В18 описывает Банк как место «возрождения или обретения себя», где она ощутила «свою принадлежность к чему-то». Но она рассказывает и о собственных противоречивых чувствах:
…Многим там было противно, и они убегали [из Банка] <…>, и это отвращение говорит о важных вещах. <…> Наступал момент, когда вам надо было оторваться от Банка. Не то чтобы навсегда <…>, но вам надо было расти и уходить в мир, потому что в те времена – мы ведь говорим о периоде между 1957-м и, скажем, 1961 – 1962 годами, когда я была теснее связана [с Банком], чем с внешним миром, – это был остров, своеобразный аквариум, где мы были со всех сторон защищены. Там действовали другие принципы и правила, а [все же] надо было выходить оттуда. Те, кто не могли уйти, плакали. Некоторые не могли уйти.
Несмотря на то что Банк предоставил нашей информантке убежище в тот момент, когда она осознала всю лживость коммунистического режима, по ее мнению, сообщество Банка было настолько оторвано от «настоящей жизни», что ей было необходимо сделать осознанный выбор – уйти и «научиться действовать в других обстоятельствах, внешних обстоятельствах, устанавливать отношения и узнавать мир, и открываться, открываться». В18 проводит имплицитное различие среди тех, кто принадлежал к сообществу Банка: одни могли от него оторваться, а другие – нет. Воспроизводя до некоторой степени ассимиляционную стратегию своих родителей, она заявляет, что подобные связи внушают людям чувство «ограниченности», которое не позволяет «стремиться к всеобщности». Она настаивает, что не хочет «жить в каком бы то ни было гетто», но стремится «воплотить великие ценности [Банка] в своей жизни, развитии, в собственной системе ценностей и в окружающем мире».
По мнению В18, многим детям, росшим в разрушенных семьях, Банк стал своеобразной заменой семейных утрат. Кажется, так произошло и с информантом В15, потерявшей мать, когда ей было два года, и сестру, которая с другими родственниками эмигрировала в 1956 году. До 19 лет она жила на попечении родных. В15 не ощущает никаких противоречий и ясно идентифицирует себя с ценностями Банка, для нее Банк – это остров нераздельно связанных между собой интеллектуальной и культурной исключительности и еврейства:
В школе все было по-другому, я училась в школе в Буде и уже тогда все осознавала, но ничего не выбирала, я просто была частью среды. <…> 90 % детей в Банке были евреями, я не хочу быть антирасисткой или расисткой, и я не хочу проявлять расизм по отношению к кому-то, но это были почти все дети из интеллектуальных семей, и поэтому у их детей были такие же ценности, похожие <…>, и поэтому мне там было так хорошо, я жила уже в такой взрослой среде, с книгами, музыкой, с такими ценностями, с таким чувством: [это] – семья (ср. илл. 4. – М.К., Э.Н.).

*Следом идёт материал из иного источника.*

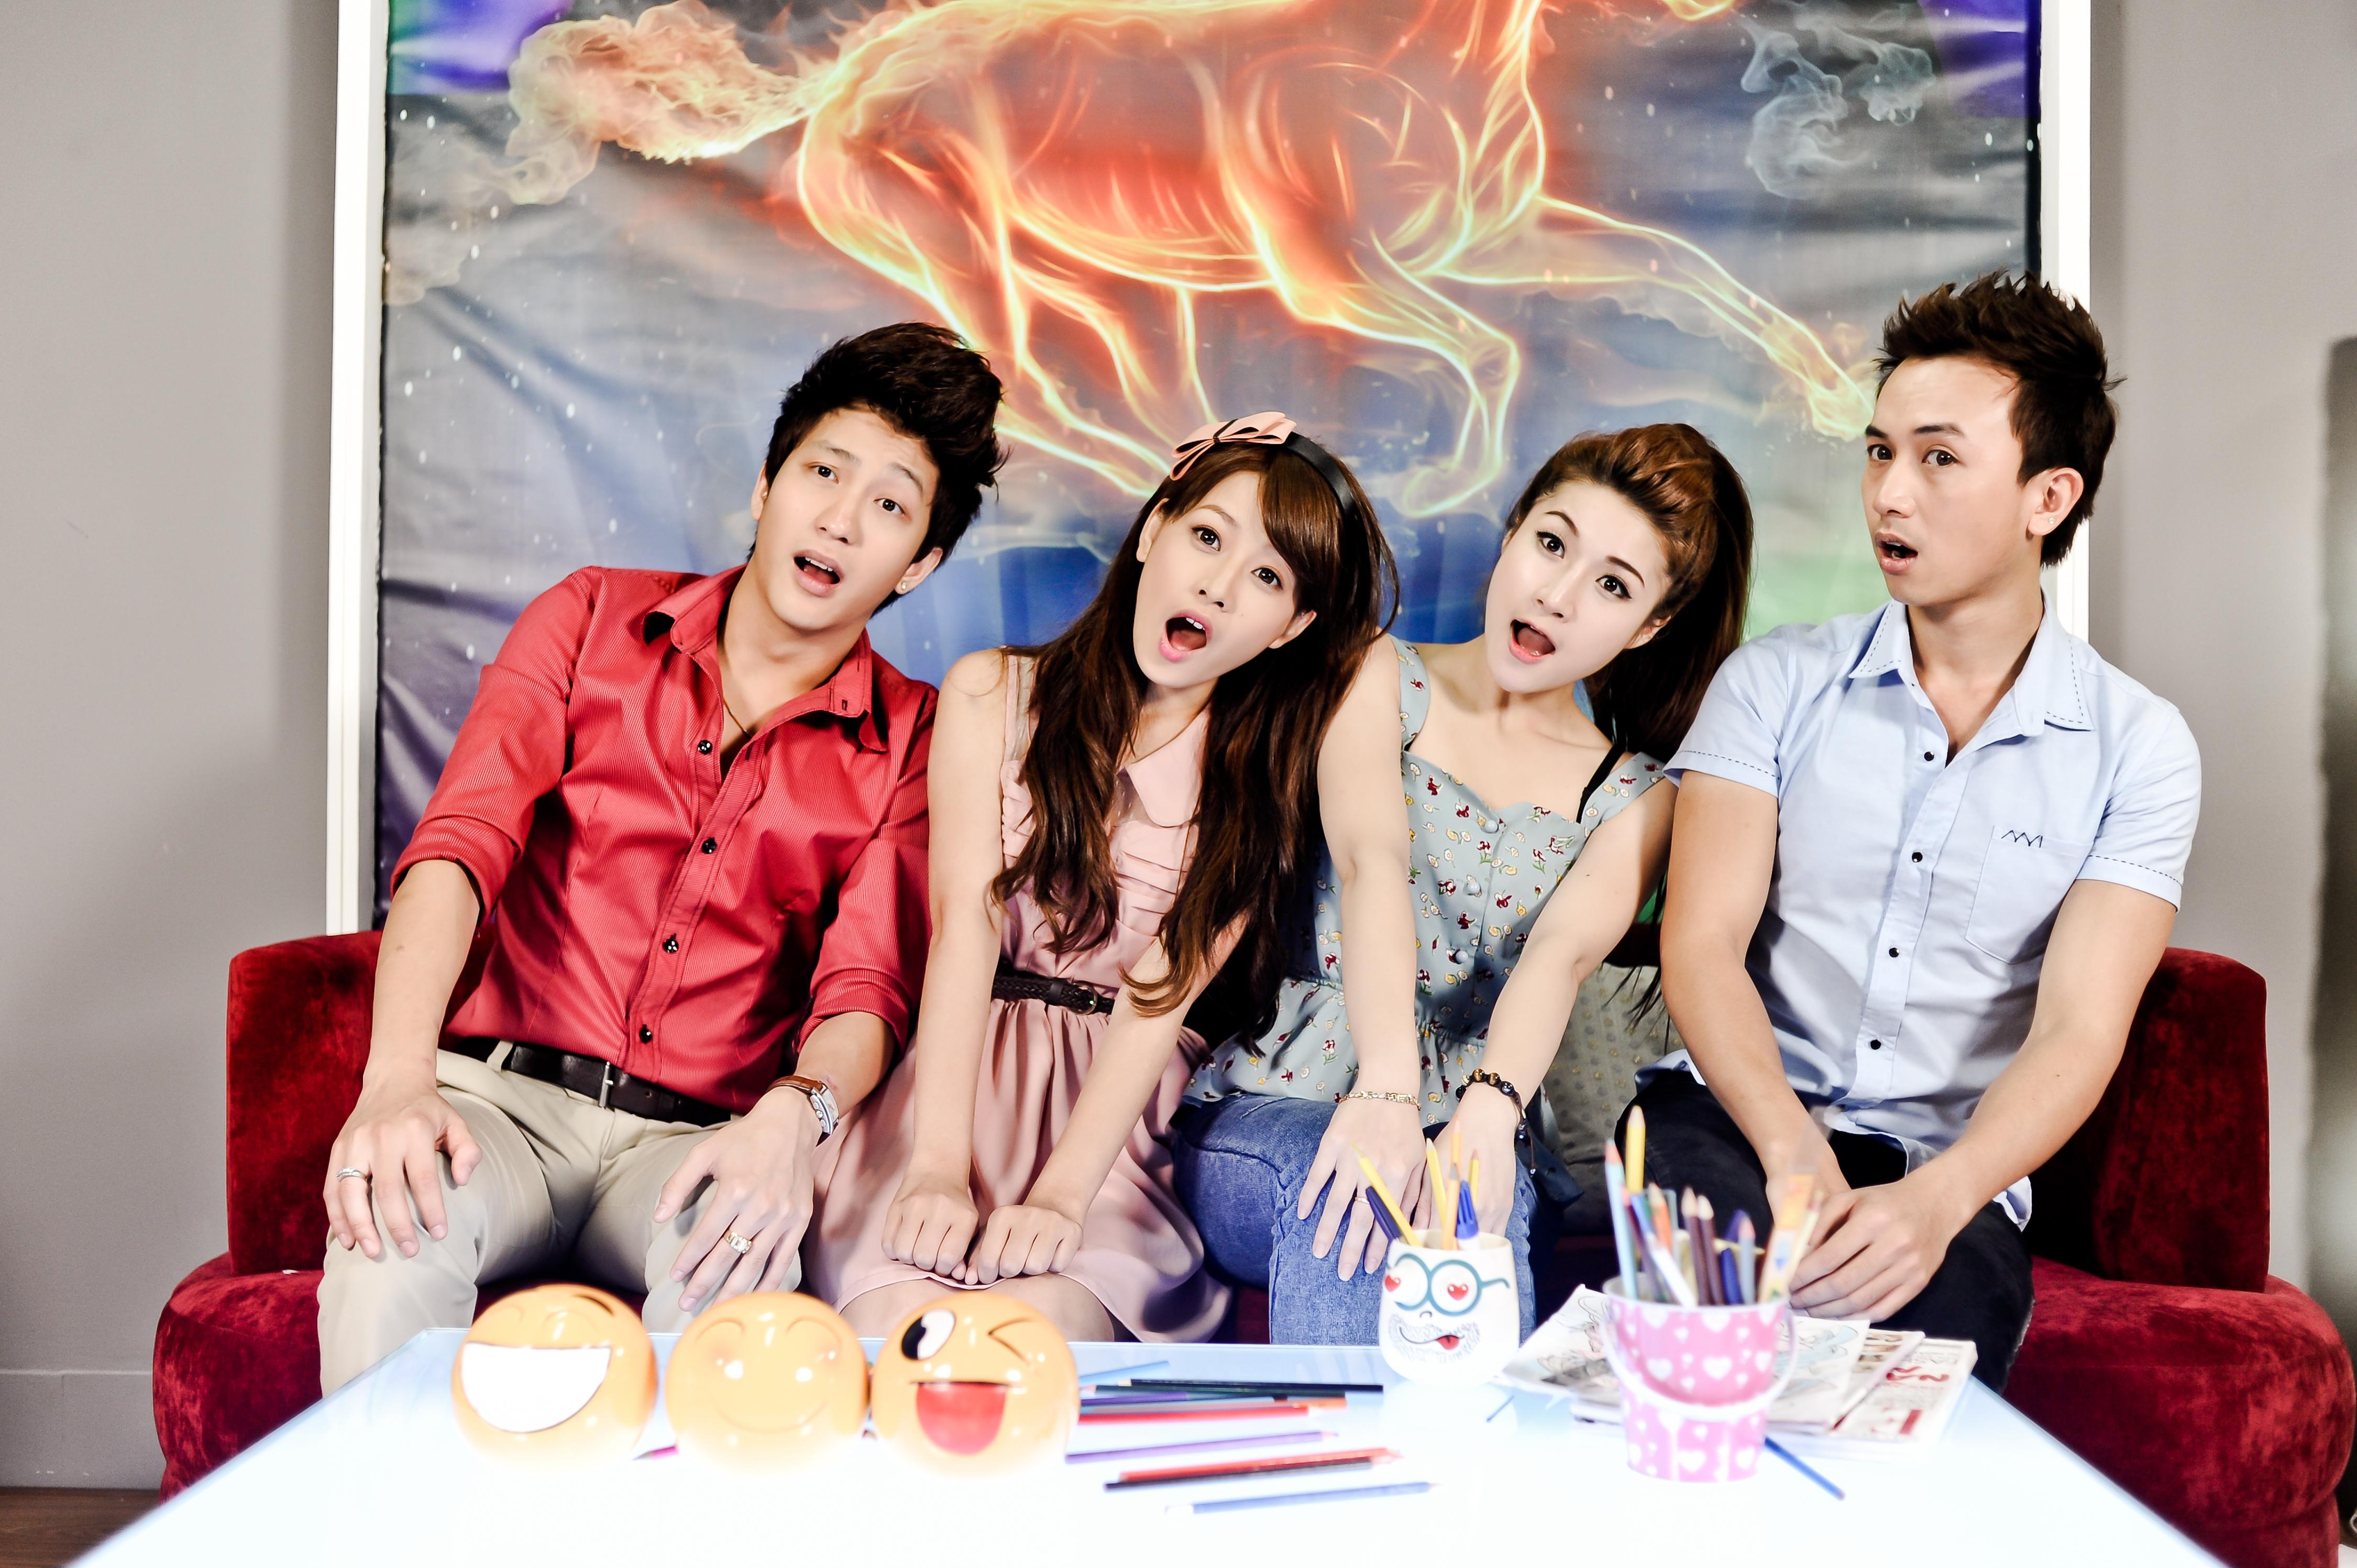 5S Online là bộ phim truyền hình Sitcom mới dành cho giới trẻ sẽ  chính thức ra mắt trên kênh VTV6 vào ngày 2/9 tới đây.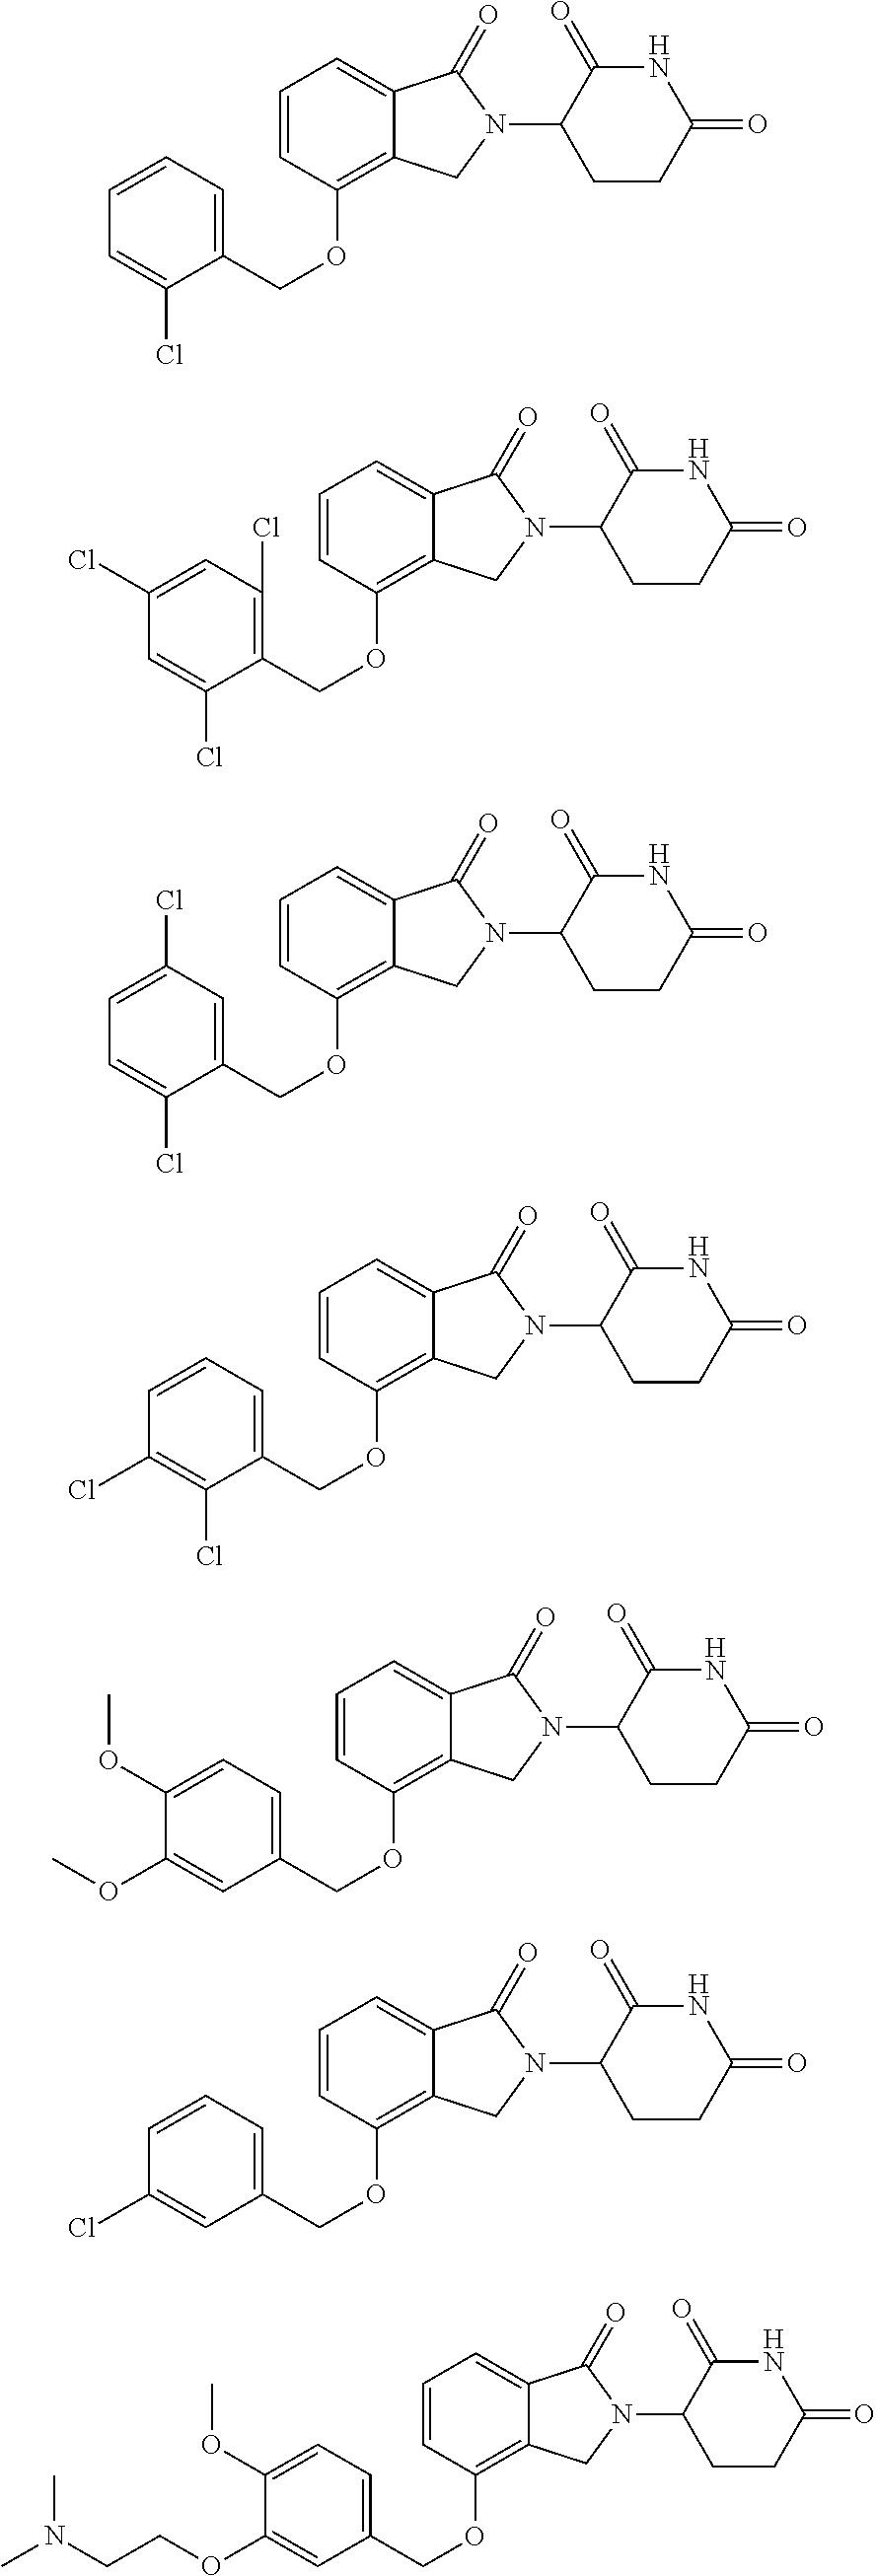 Figure US09822094-20171121-C00026

Первичные социальные связи B15 всегда были связаны с социальной сетью Банка, а в более широком смысле – с неформальной еврейской либеральной средой Будапешта, – и, как показывает этот отрывок из ее рассказа, ценностные и вкусовые совпадения поддерживают ощущения безопасности и доброжелательности, которые делают моменты жизненного выбора «само собой разумеющимися», «естественными».
По сравнению с 1940-ми и 1950-ми годами пространство, созданное Эстер Левелеки, с социальной точки зрения стало в 1960-е более эксклюзивным. В Банке отдыхали многие дети, происходившие из известных семей представителей культурной и политической элиты: успешных творческих работников – писателей, художников, актеров, режиссеров театра и кино, – крупных ученых, а в то же время и высокопоставленных государственных чиновников. В 1960-е и 1970-е годы летний отдых в Банке становился все более и более популярным. Детей принимали на две следовавшие одна за другой смены по три недели каждая.